From an employment law perspective, one of the challenges that frequently arises in an outsourcing transaction relates to the Customer employees that work in functions to be outsourced (In-scope Employees). Commonly, the Customer no longer needs or wants to retain those In-Scope Employees unless it can redeploy them within its business. But can these In-scope Employees be dismissed on the basis that the Customer no longer needs them following the outsourcing? If so, are they entitled to severance payments? Or do they automatically transfer to the Service Provider by operation of law meaning that the Service Provider has no choice but to employ them and, if so, on what terms and conditions? Or are there compelling reasons for the Customer and the Service Provider to commercially agree such employee transfer? What if the In-scope Employees object to such transfer and ask to remain employed by the Customer? What consultation obligations apply to the Customer/ Service Provider in these scenarios?

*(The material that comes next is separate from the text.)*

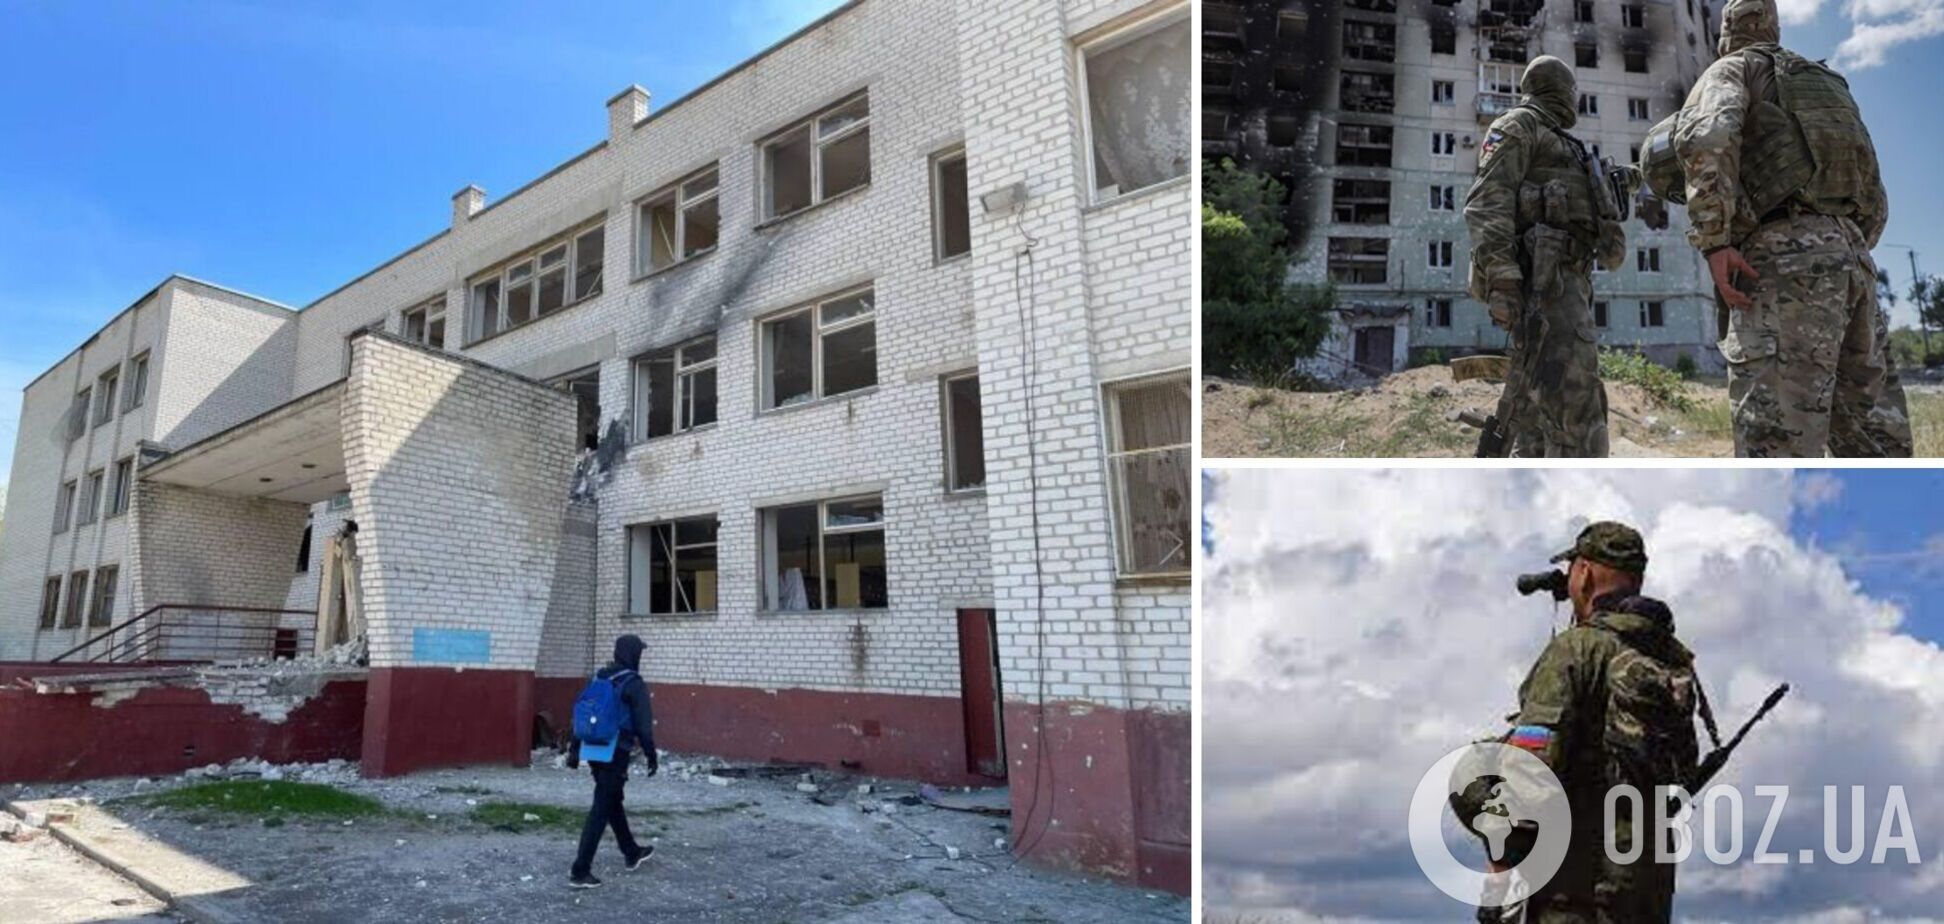 Оккупанты забрали каникулы у школьников в Луганской области
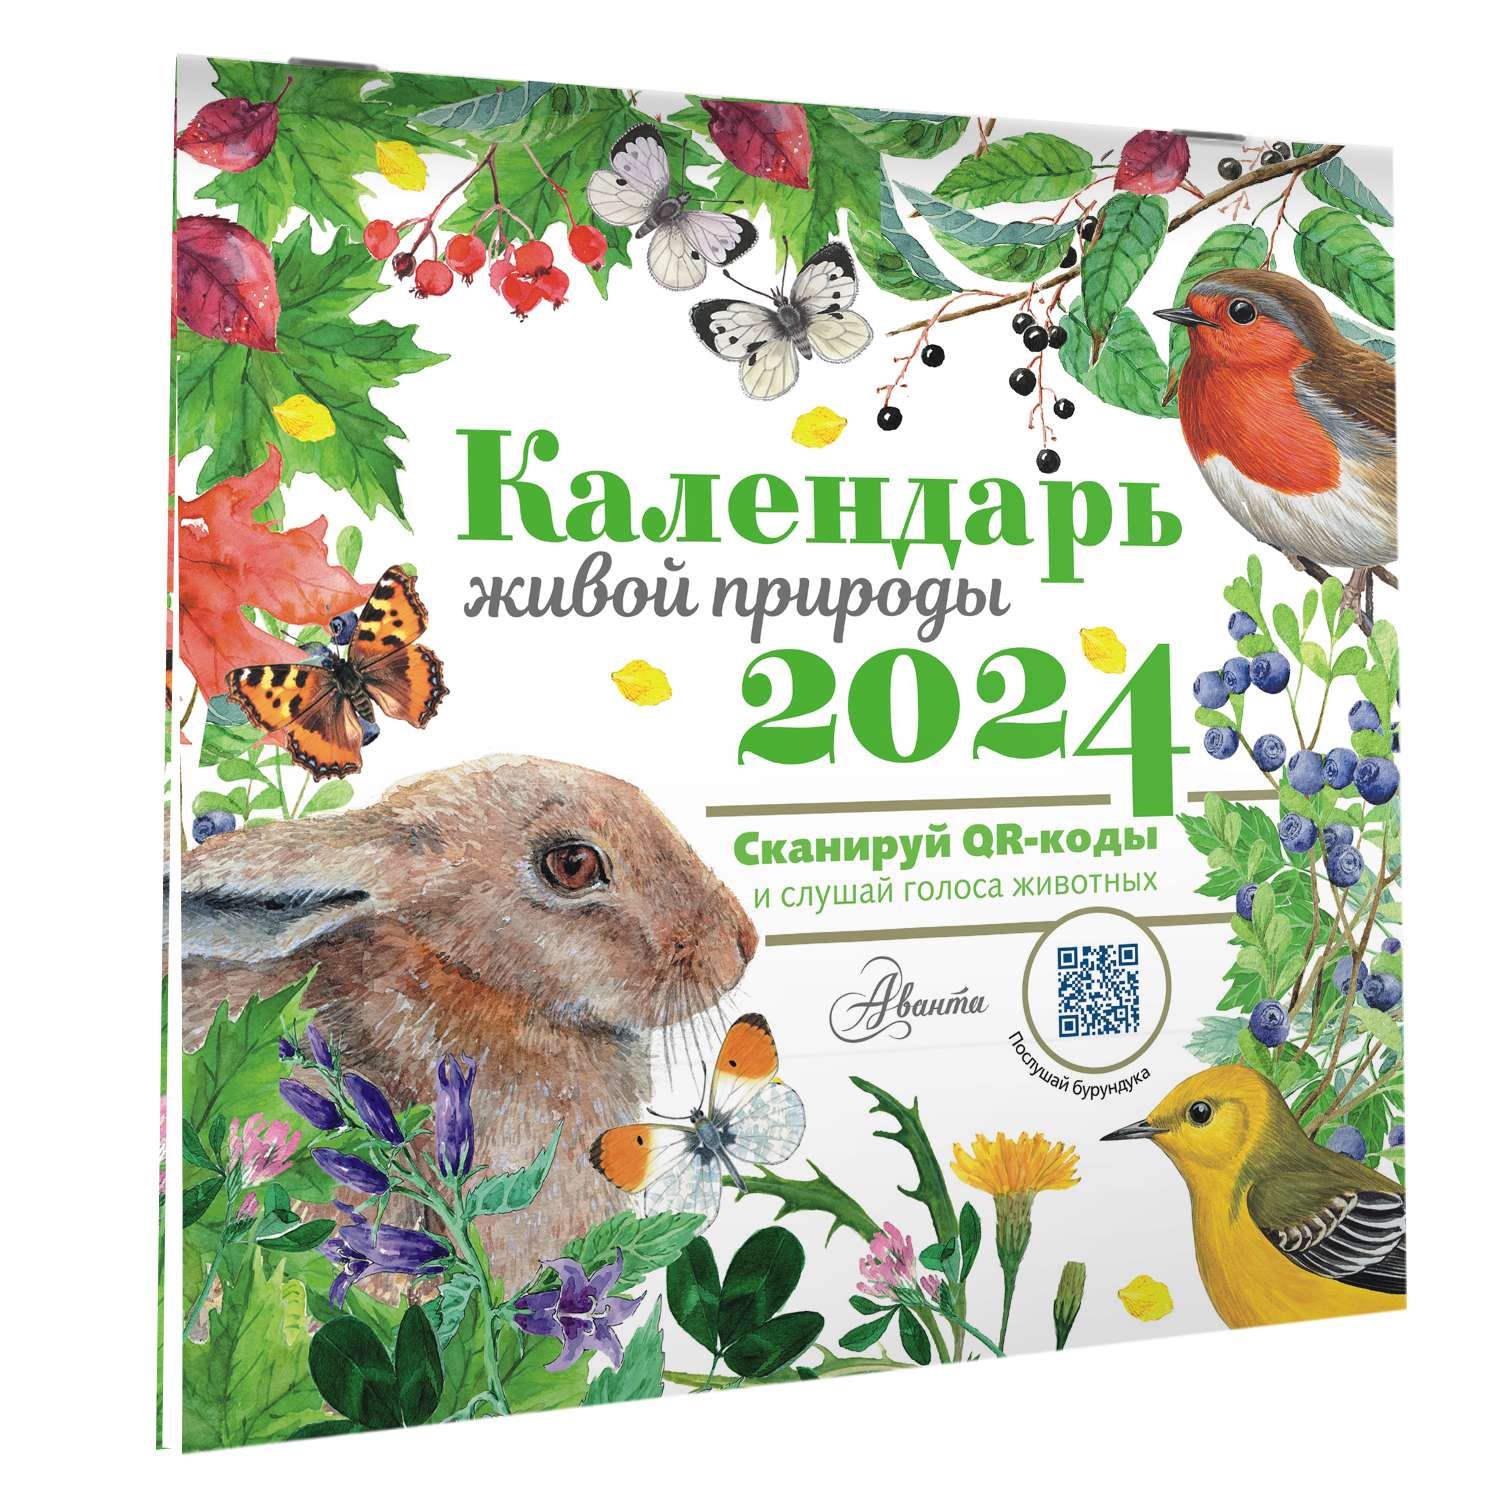 Календарь живой природы с голосами животных 2024 год - фото 6

These are only some of the questions that arise. And they are not answered easily, nor are they answered uniformly across different jurisdictions. For example, in Europe, the Acquired Rights Directive protects employees in the event of a transfer of business scenario. In very simplified terms, it provides that, in the event of a business transfer, employees of the vendor transfer automatically to the purchaser by operation of law with the latter being obliged to take on the vendor employees on their existing terms of employment. The concept of “business transfer” is very broad and can be triggered in an outsourcing scenario. Most Asian and South American countries, on the other hand, do not recognise the concept of “employee transfers by operation of law”. Consequently, in those countries, an outsourcing only results in a “transfer of employees” through termination / rehire if and as commercially agreed between the parties and there might be more room for dismissals. While the Customer and Service Provider would most likely welcome the flexibility that this approach offers compared to the European approach, various aspects would need to be considered in practice. For example, obligations to pay severances or standard market practices might make dismissals an unattractive option.
This Handbook provides high-level answers to these and other questions for 19 jurisdictions. It is intended to help gain a basic understanding of the key issues to consider and to provide an overview of how these issues are dealt with in the different countries.